There was evidence of a consultation process since 2019.

Section 15A does not prescribe when or how the consultation must happen – as long as it occurs before the minister exercises her powers. The applicants’ view that consultation must be similar to public participation envisaged in the Constitution and municipal legislation was incorrect, Judge Moshoana said.

Draft notice for comment not required

The applicants contended that the targets published in April 2025 differed drastically from the draft targets published in May 2023 and February 2024. Despite this, the April notice was not published for renewed public comment for at least 30 days, as required by section 15A(4) of the Act.

Judge Moshoana said interested parties, which included employees, were afforded an opportunity to comment on the 2023 and 2024 drafts. He said the 30-day period to comment should be reckoned from the publication of the 2023 and 2024 drafts.

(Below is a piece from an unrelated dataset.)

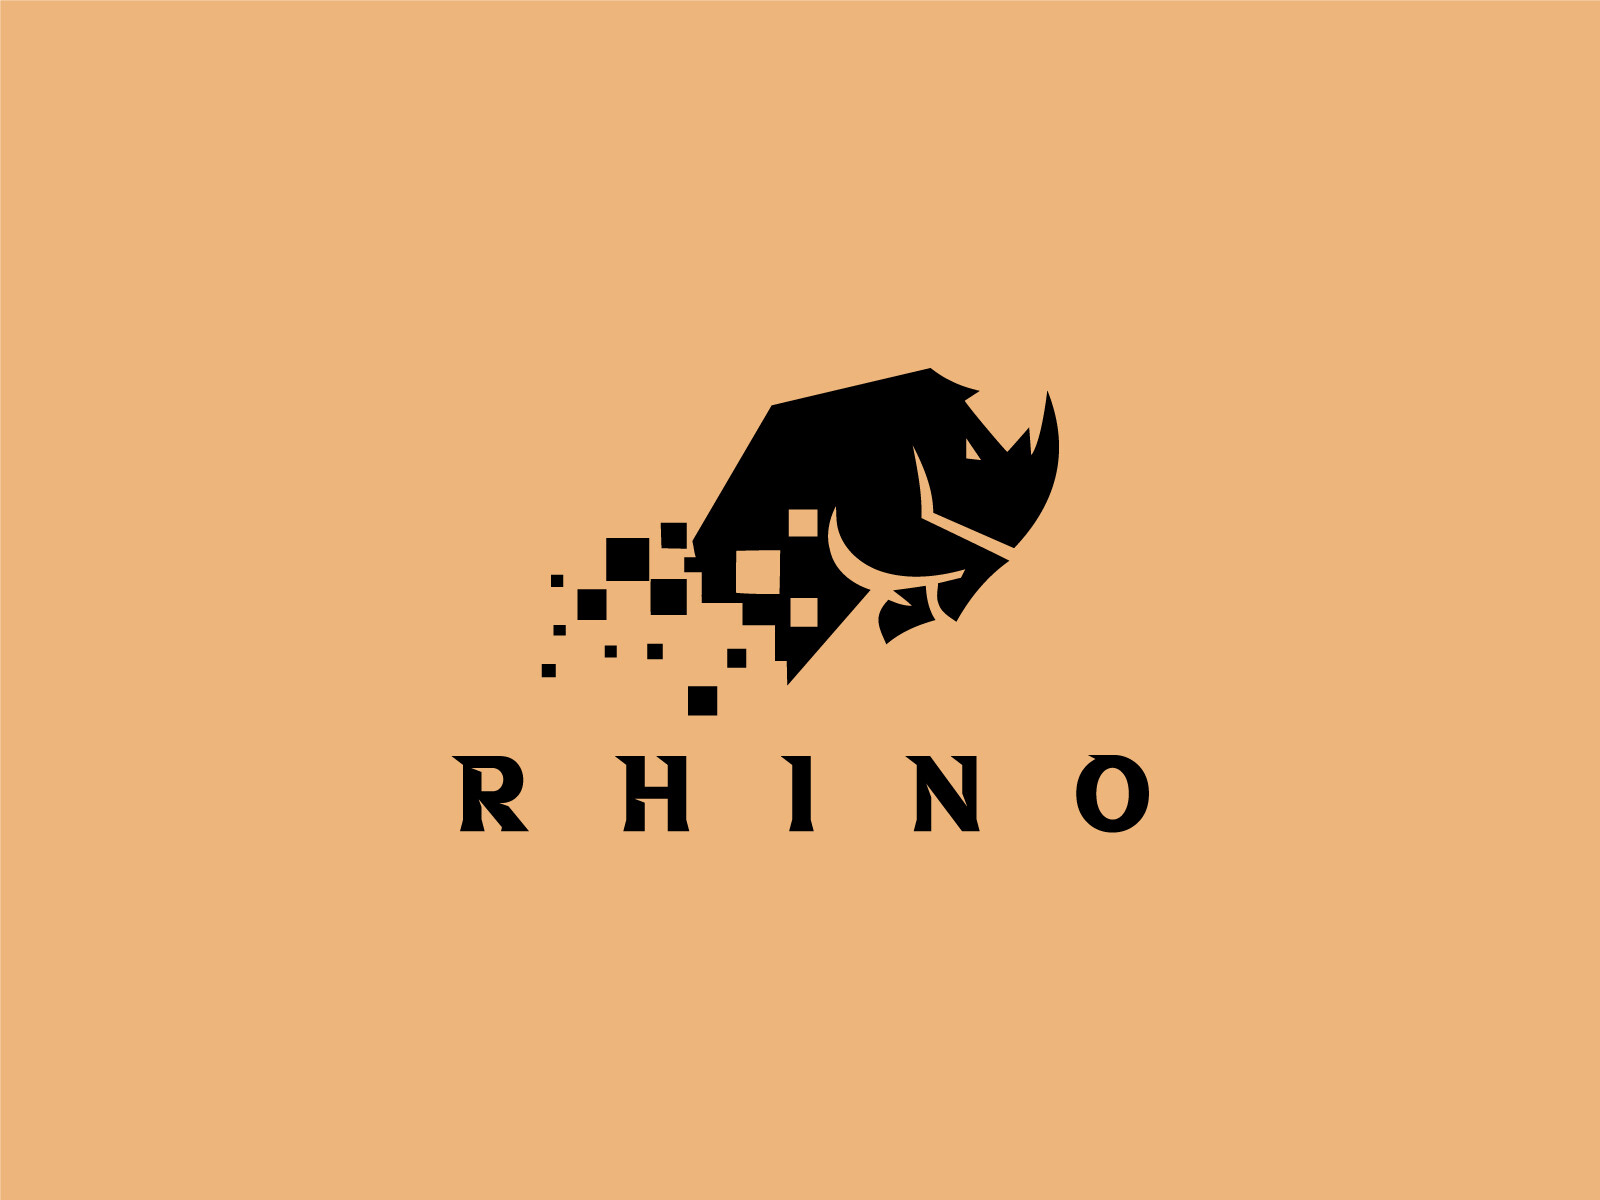 Rhino Humanoid Character 3D Model - .Max - 123Free3DModels

“To the extent that the numerical targets set on 15 April 2025 are different from those set out in 2023 and 2024, this Court agrees with the minister that they are bound to differ. The 2023/24 numbers are proposed and not cast in stone. Logic dictates that the process of permitting remarks and expression of opinion must lead to change of data. This Court is not bemused by the change of numbers after the 2023/24 notices; it was bound to happen. It serves as proof of permitting remarks and expression of opinions. The 2023/24 notices qualify as drafts of any notice within the contemplation of the sub-section.”

Numerical targets were not set arbitrarily

The Court rejected the applicants’ argument that the numerical targets were set arbitrarily.

Section 15A endows the minister with discretion to set different targets based on occupational levels, sub-sectors, regions, or any relevant factor. The minister is required to engage in sectoral consultations, obtain advice from the Commission for Employment Equity (CEE), and have regard for the Standard Industrial Classification Codes published by Statistics South Africa.

“With all the above statutory safety pins, it is difficult to fathom arbitrariness in the process of setting numerical targets,” Judge Moshoana said.

The applicants contended that the arbitrariness of the 2025 targets is shown particularly in those sectors in which women will be substantially disadvantaged by these targets.

Judge Moshoana said the Court could not be called upon to determine whether the minister’s calculations were arbitrary. “More importantly, owing to the fact that the legislature chose the minister as a functionary to set the numerical targets, this Court cannot determine a specific sectoral numerical target that should apply. Such would equate judicial overreach and a disrespect of the separation of powers doctrine.”

Further, Judge Moshoana found that the alleged disadvantage to women arises not from the minister’s targets but from employers’ potential setting of goals. It pointed to section 15(3) of the EEA, which specifically permits numerical goals and excludes quotas, noting that quotas might only arise in employers’ goal-setting processes.

He noted the CEE’s role under section 30(2)(b) of the EEA, which requires it to advise the minister on norms and benchmarks. The CEE would have advised the minister if the numerical targets to be set by the minister disadvantaged women to a point of unfair discrimination. The applicants did not contend that the CEE failed for advise the minister or that its advice was deficient.

Judge Moshoana referred to statutory safeguards for employers. Section 42(4) of the EAA allows an employer to raise any reasonable ground to justify its failure to comply, and section 53(6)(b) enables the minister to issue a compliance certificate if such justification is provided.

Where an employer, in setting numerical goals chooses not to comply with the numerical targets set by the minister because this will discriminate against women, such a ground is reasonable to justify failure to comply. Thus, employers have a valid alternative remedy, negating the need for interim relief such as an interdict, because there was “simply no basis for an irreparable harm to be suffered by employers”, Judge Moshoana said.